China And Japan’s Race For Iran – Analysis

By Altay Atlı*

The Joint Comprehensive Plan of Action (JCPOA) agreed on last July by Iran and the P5+1 group of countries, which includes the five permanent members of the UN Security Council and Germany, entered the stage of implementation following confirmation from the International Atomic Energy Agency that Iran has fulfilled the requirements of the nuclear deal. While this development marks a turning point in the normalization of relations between Iran and the rest of the international community, it also points to the dawn of a new era in which the race for getting a larger share of the economic cake in post-sanctions Iran will significantly gain steam. And here, the “economic cake” does not cover only oil and gas deals, but it also covers the country’s large and untapped consumer market, lucrative infrastructure projects, and multi billion dollar public procurement tenders as well.

China starts this race a few steps ahead of the other major players of the global economy and its fellow P5+1 countries. China had pursued its economic relationship with Iran at full pace despite the sanctions, becoming the number one customer of this country’s oil and gas and also undertaking large scale infrastructure projects, such as seaports, airports and highways in a market that was hitherto inaccessible to other major economies due to sanctions. With the implementation of JCPOA, China will enjoy a more favorable environment to further improve its relations with Iran, but, at the same time, it will also face increasing competition.

Last week’s visit to Iran by the Chinese president Xi Jinping had the objective of being prepared for the coming competition and maintaining the advantage that China already has. During this visit, not only was the relationship between the two countries promoted to the level of strategic partnership, but it was also announced assertively that the bilateral trade volume which stood at $51.8 billion in 2014 will be brought up to $600 billion over the next ten years. The joint declaration released at the conclusion of Xi’s visit placed a special emphasis on areas like energy supply, petrochemicals and renewable energy. At the same time, certain sectors were singled out for carrying great potential for cooperation between the two countries, including transportation, railroads, ports and service trade. Iran is important for China, not only as a source of oil and gas, but also because of its key location on China’s “One Belt, One Road” initiative. One year ago, China announced that it was going to increase its infrastructure investment in Iran from $25 billion to $52 billion, and now, with the implementation of JCPOA, this figure can be expected to further increase.

On January 27, two tankers full of oil departed from Iran’s main oil terminal on Kharg Island in the Persian Gulf. One of these tankers, which happened to be undertaking the first shipment of oil from Iran after the sanctions, is headed to China, whereas the other is sailing towards Japan. China has an economic advantage in post-sanctions Iran; however it is going to face increasing competition as well, and this competition will come not only from the countries of the West but also from Japan. By resuming its oil imports, and also through certain initiatives over the past few weeks, Japan has shown that it will take its part in the race for Iran. In this sense, the bilateral investment agreement signed between Iran and Japan on February 5 is likely to significantly open the way for Japanese companies who want to enter the Iranian market.

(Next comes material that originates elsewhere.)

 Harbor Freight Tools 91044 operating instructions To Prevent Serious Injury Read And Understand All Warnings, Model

In contrast with China, Japan had been loyal to the sanctions against Iran to a large extent, due to its alliance with the United States. This situation is clearly evident in trade figures. According to 2014 data, the annual trade volume between China and Iran was $51.8 billion, while the volume of the Japanese-Iranian trade was only $6.4 billion. China exported $24.3 billion worth of products to Iran, including machinery, nuclear reactors, electrical and electronic equipment, and vehicles. In return, China’s import from Iran totaled $27.5 billion, of which $21.2 billion corresponded to oil and other energy resources. Having adhered to sanctions, Japan’s export to Iran was only worth $251 million in the same year. On the other side of the equation, Japan’s import from Iran amounted to $6177 billion, almost all of which, $6125 billion to be precise, was oil and other energy resources.

China commences the race for Iran ahead of both the West and Japan. Both China and Japan have the advantage of not carrying the burden of historical baggage and the responsibility of sanctions. In the meantime, Japan has an advantage over China. Having significant experience and know-how on the peaceful use of nuclear technology, Japan offers Iran help in fulfilling the requirements of its nuclear deal. Japan indeed appears to be the most suitable partner for Iran in this respect, especially in areas like nuclear security and earthquake preparedness and protection. In addition, Japan also appears to be preparing to rival China with its powerful corporations in areas like the automotive industry and high-speed railways.

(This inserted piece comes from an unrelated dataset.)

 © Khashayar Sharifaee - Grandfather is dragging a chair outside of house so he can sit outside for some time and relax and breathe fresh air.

In this new era there will be greater competition in Iran, and while China will make efforts to maintain its advantage derived from not complying with the sanctions, Western countries and Japan will do their best to get the most of the cake. The more the competition increases, the more options Iran will have and the greater Tehran’s bargaining power will be. It will be well worth observing how Iran’s economy will develop after the JCPOA, how different actors will position themselves, and what they will do to maintain and improve their positions in the Iranian market.

*Dr. Altay Atlı is a non-resident research fellow at the International Strategic Research Organization (USAK). He is also a research scholar at Boğaziçi University Asian Studies Center and Shanghai University Center for Global Studies.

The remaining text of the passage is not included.